The second day began with Afro-Cuban dancer, Danys Perez Prades or “La Mora” moving the group through the music, dance and social history of African Diaspora in Cuba. Issues of race and identity within Latin America were explored in La Mora’s workshop leading all participants eager to continue the discussion with Dr. Aaron Lorenz in the afternoon. Dr. Lorenz conducted a workshop using the Brazilian martial art, Capoeira, to explore these issues and suggested unique methods of introducing these topics in the K-12 classroom. Finally, David Dressing, the curator of Tulane University’s Latin American Library reminded everyone of the importance of primary resources and the wealth of information available to all teachers at their local library. Local teachers are able to continue to take advantage of The Latin American Library’s resources in their curriculum by setting up appointments to visit in the future.
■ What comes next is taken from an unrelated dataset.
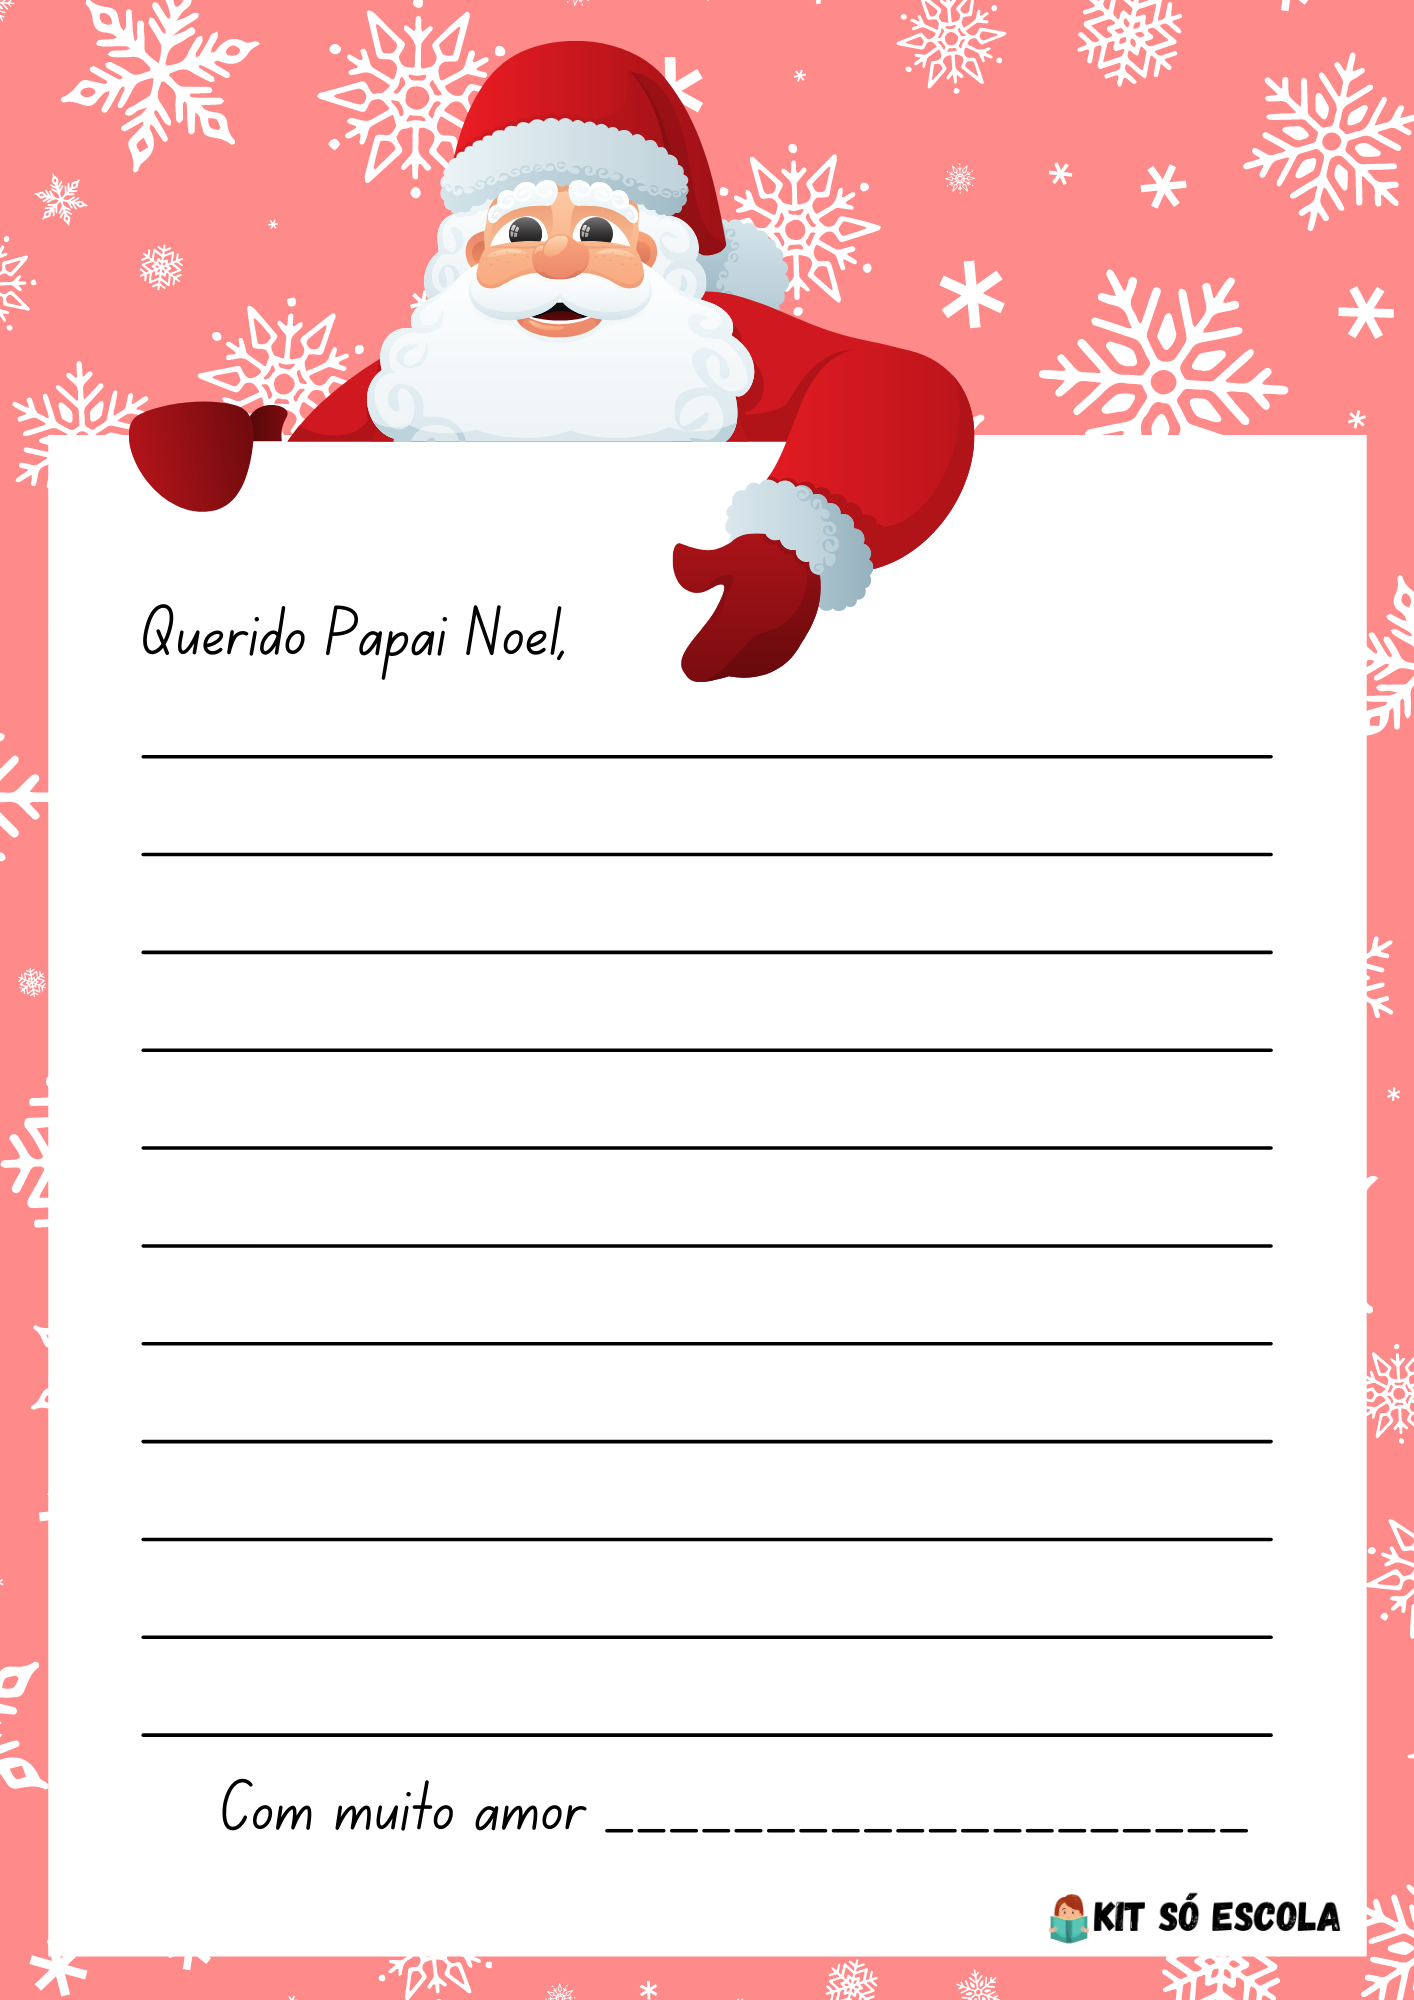 Cartas para o Papai Noel para imprimir — SÓ ESCOLA

Friday, the third day, focused the discussion on Haiti. Dancer Peniel Guerier from Haiti guided the group through the social history of Haiti and concluded his session by enabling all participants to feel the grace, strength, and power of the movement and dance of Haiti. The group was then reunited for lunch to discuss curriculum ideas and brainstorm their final products which will be turned into one cohesive curriculum unit by Fall 2009. Artist and scholar Monique Moss introduced the group to her work on Haiti and New Orleans with Samuel J. Green Middle School teacher, Nzinga. Monique taught a Latin American Studies course at Green Middle School this past spring 2009 to eleven seventh and eighth grade students. Her work is part of a project funded by the Latin American Resource Center called Latin American Collaborations. She worked with the school dance teacher, Nzinga to create an interdisciplinary curriculum exploring cultural connections between Haiti and New Orleans.

Her presentation enabled the summer institute educators to have a better understanding of how to implement the content into the classroom. Friday concluded with a final performance by the New Orleans Dance Festival performers. Beverly Trask, festival founder and director highlighted the connection New Orleans shares with the rhythms of Africa and the Americas throughout the performance.
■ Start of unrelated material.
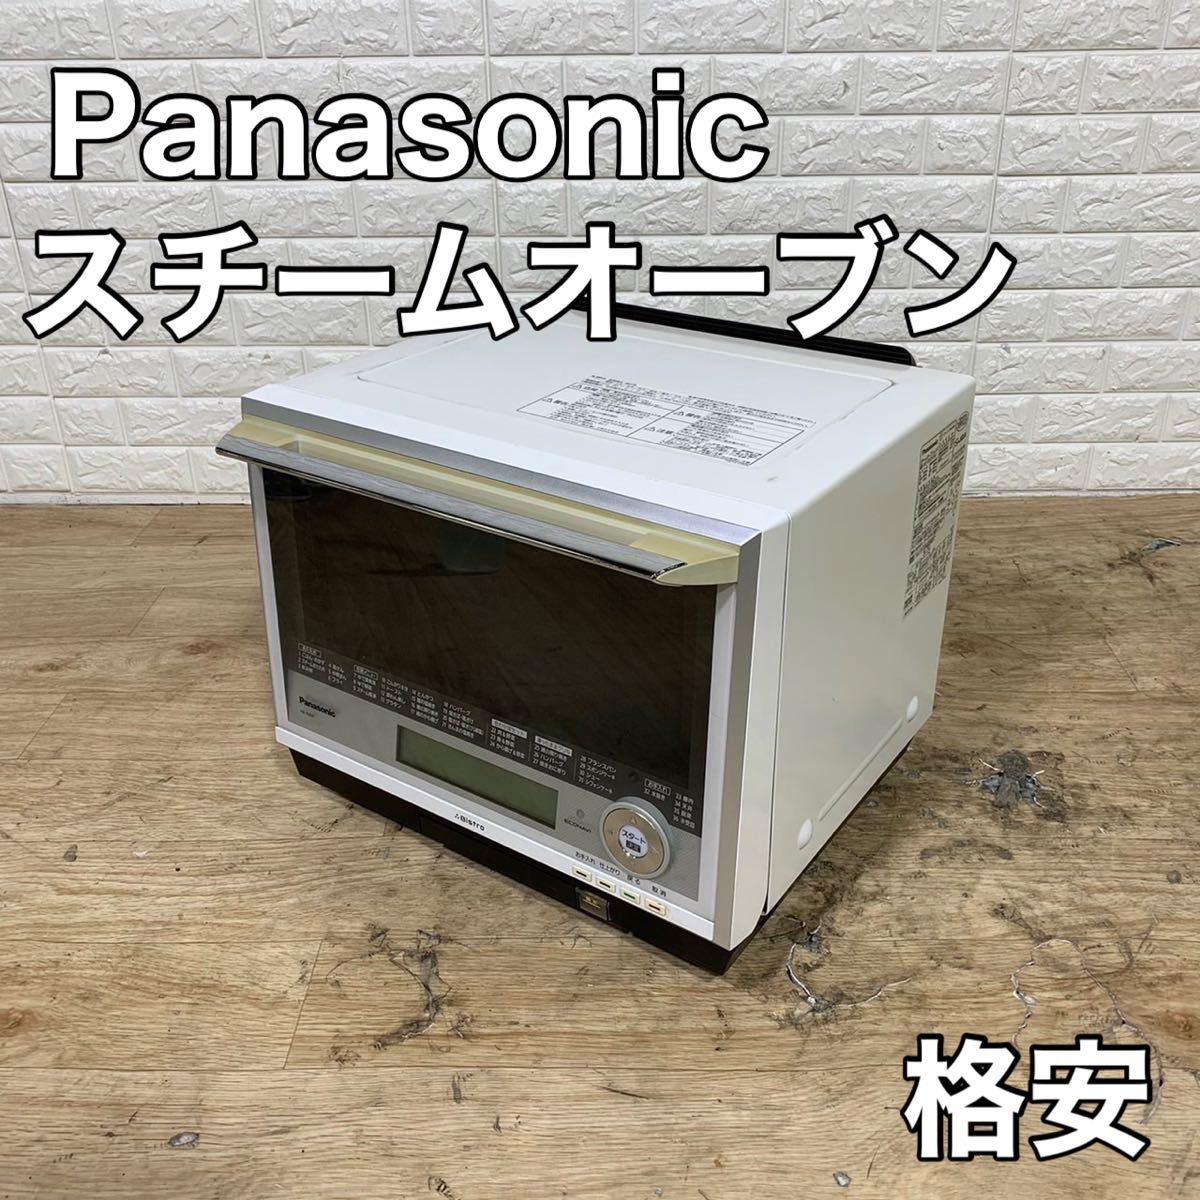 Panasonic パナソニック スチームオーブン オーブンレンジ NE-R305(W) ビストロ 家電

Cynthia Garza and ethnomusicologist Ivor Miller concluded the discussions on identity and race by focusing on Peru and Cuba on the final day of the institute. Overall response from teachers was positive. One teacher said the major strength of the workshop was the: “variety of diverse richly informed and talented presenters; superior command of area of expertise.” Presenters were also positive and excited to continue the discussions generated by the institute. Future development and projects on connecting local culture to Latin America have already stirred interest among local artists, teachers and community leaders. All educators left the institute to continue work on their lesson plans which will be incorporated into one cohesive curriculum unit on African Diaspora in the Americas. This unit will be available online and in print to all educators and schools at no cost as part of the Latin American Resource Center’s lending library service. A few educators will also work together on a presentation for the National Council for Social Studies annual conference in 2010.

Coordinated through the Latin American Resource Center, this institute was sponsored by Tulane University’s Stone Center for Latin American Studies, the New Orleans Dance Festival, the Latin American Library, and the Amistad Research Center, and University of Florida’s Center for African Studies in Gainesville.